Игра в классики - Хулио Кортасар
Шрифт:
Интервал:
Закладка:
Мореллиана
Что, в сущности, Означает вся эта история о том, чтобы обрести тысячелетнее царство, некий Эдем, другой мир? Все, что пишется в наше время, конечно из того, что стоит читать, все определено тоской по нему. Комплекс Аркадии, возвращение в великое лоно, back to Adam, le bon sauvage.[590] Потерянный рай,[591] ищу, чтоб найти, теперь я во мраке навек… Носишься с идеей то островов (см. Музиля), то гуру (если у тебя хватит денег на самолет Париж — Бомбей), то просто вцепляешься в чашечку кофе и рассматриваешь ее со всех сторон, и это уже никакая не чашечка, а свидетель того свинства, в котором мы все по уши увязли, да и как она может быть всего-навсего чашечкой кофе, если самый тупой из журналистов просвещает нас насчет квантовой теории, Планка и Гейзенберга,[592] выбивается из сил, чтобы на трех колонках объяснить нам, что все вокруг дрожит, и вибрирует, и, как кот, изготовившийся к прыжку, с нетерпением ждет мощного выброса водорода или окислов кобальта, от которого все мы взлетим вверх тормашками. Выражаясь без прикрас, так сказать.
Чашечка с кофе — белая, простодушный дикарь — смуглый, а Планк — потрясающий немец. А за всем этим (всегда есть какое-то «за», надо признать, это ключевая идея современного мышления) Рай, другой мир, попранная невинность, которую напрасно пытаются вернуть, обливаясь слезами, где ты, земля Уркалья.[593] Так или иначе, но все ее ищут, все хотят отворить эту дверь, чтобы войти и тоже сыграть свою партию.
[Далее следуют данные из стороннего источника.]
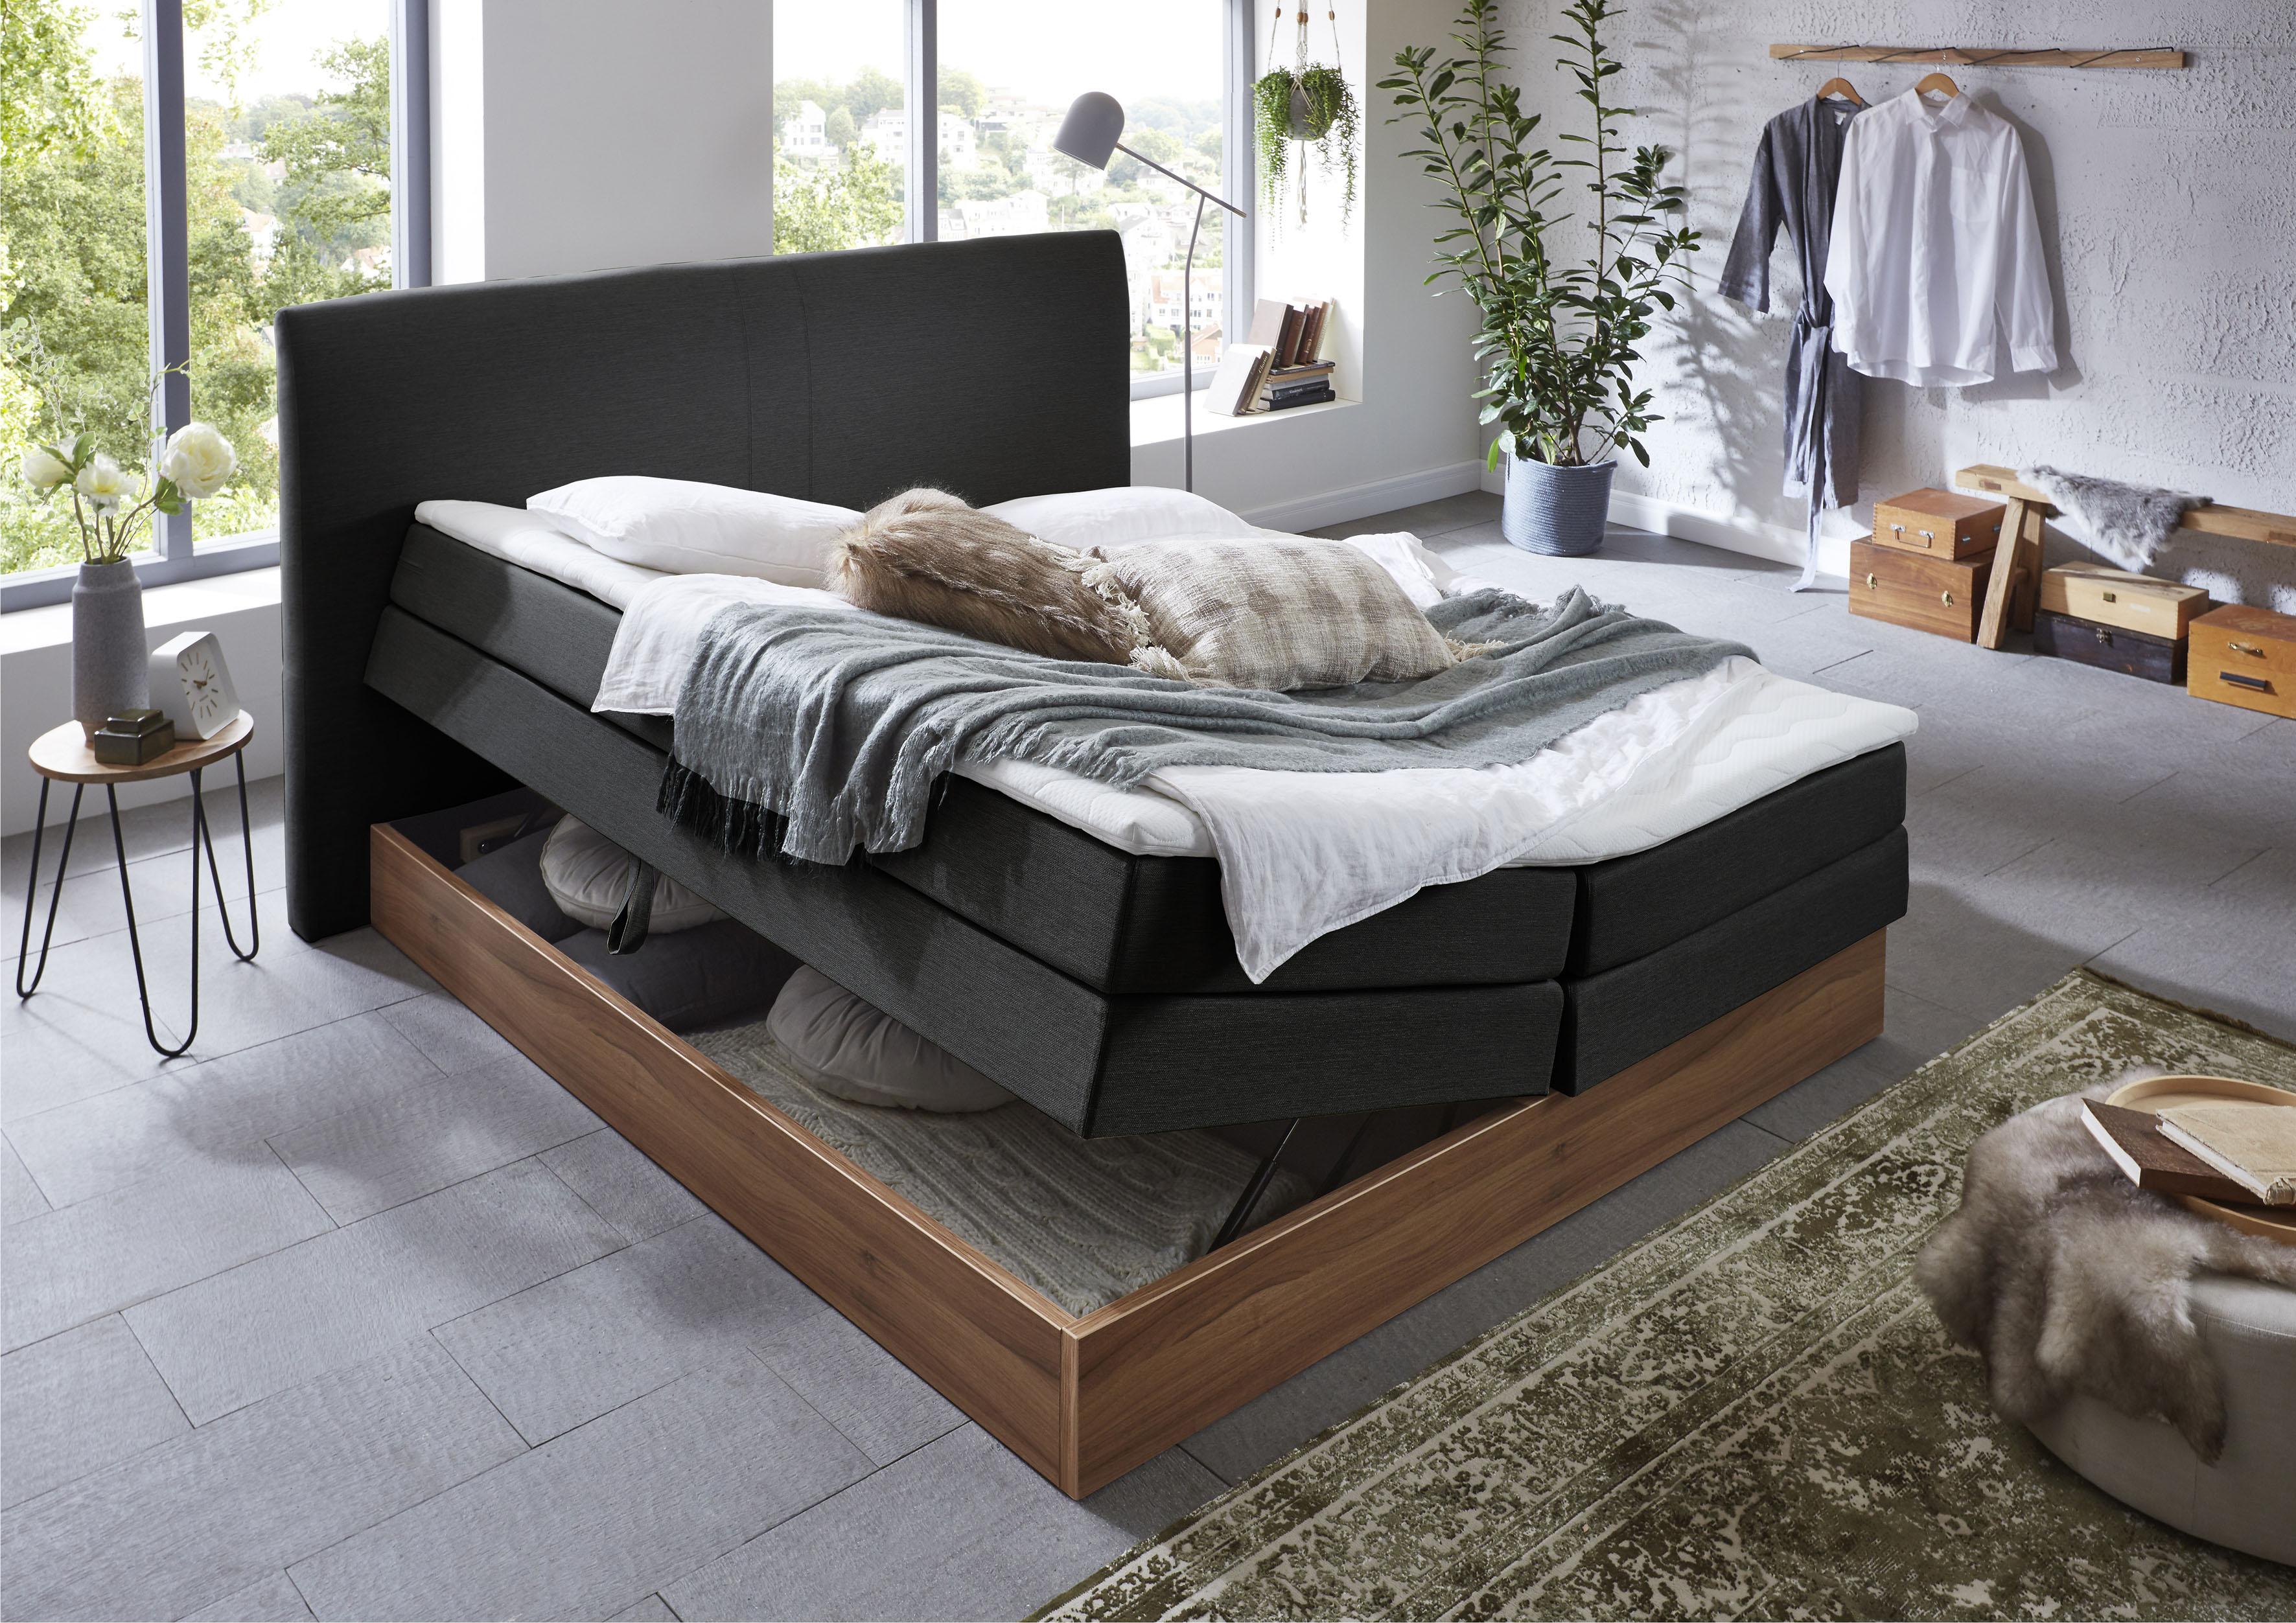 Premium collection by Home affaire Boxspringbett Blomen, mit Walnuss-Dekor, günstig online kaufen

И все это не из-за Эдема как такового, и не столько из-за него, просто хочется оставить за спиной реактивные самолеты, физиономию Никиты или Дуайта, Шарля или Франсиско,[594] подъем по будильнику, градусник и банки, уход на пенсию пинком под зад (сорок лет протирать задницу, чтобы потом не было мучительно больно, но все равно больно, все равно носок ботинка впивается каждый раз все глубже и припечатывает все сильнее бедную задницу, чья бы она ни была — кассира, лейтенанта, преподавателя литературы или медсестры), и мы говорим, что homo sapiens ищет дверь не для того, чтобы войти в тысячелетнее царство (хотя ничего плохого, ей-богу, ничего плохого в этом нет), а лишь для того, чтобы закрыть ее за собой и, вильнув хвостом, как собака от радости, знать, что ботинок этой сучьей жизни остался позади и колотит в закрытую дверь, а ты можешь расслабиться и не поджимать свою бедную задницу, расправить плечи и войти в цветущий сад или сидеть и смотреть на облака хоть пять тысяч лет, хоть двадцать тысяч, если б было можно, и никто на тебя не рассердится, — сиди тут и любуйся себе на цветочки.
Время от времени в стане тех, кто получает всевозможные пинки под зад, попадается кто-то, кому хочется не только закрыть за собой дверь, дабы защититься от пинков во всех трех традиционных измерениях, не считая тех, которые исходят от таких категорий, как познание как давно прогнивший принцип здравого смысла, или другой подобной белиберды, но еще и потому, что такие субъекты верят вместе с другими безумцами, что нас в этом мире нет, что наши великие прародители бросили нас в этот мир против течения и надо как-то из этого выбираться, если не хочешь превратиться в конную статую или в образцового дедушку-семьянина, и что ничего еще не потеряно, если у тебя есть смелость заявить, что потеряно все, и надо начинать сначала, как в той истории о славных рабочих, которые в одно прекрасное утро августа 1907 года поняли, что туннель из Монте-Браско рассчитан неверно и что они выйдут на поверхность, отклонившись в сторону на пятнадцать метров от югославских рабочих, которые шли им навстречу из Дубливны. Что же сделали те славные рабочие? Славные рабочие оставили туннель в том виде, в каком он был, вышли на поверхность и, проведя несколько дней и ночей в тавернах Пьемонта, начали рыть на свой страх и риск в другой части Браско, двигаясь вперед и не заботясь о том, что делают в это время югославские рабочие, и дошли, таким образом, через четыре месяца и пять дней до южной части Дубливны, к немалому удивлению школьного учителя-пенсионера, который увидел, как они выходят на поверхность совсем рядом с его уборной. Похвальный пример, которому должны были бы последовать рабочие из Дубливны (правда, надо признать, что славные рабочие никому не сообщили о своих намерениях), вместо того чтобы упорно пытаться соединиться с несуществующим туннелем, как это бывает с некоторыми поэтами, которые высовываются из окна своей комнаты прямо посреди ночи.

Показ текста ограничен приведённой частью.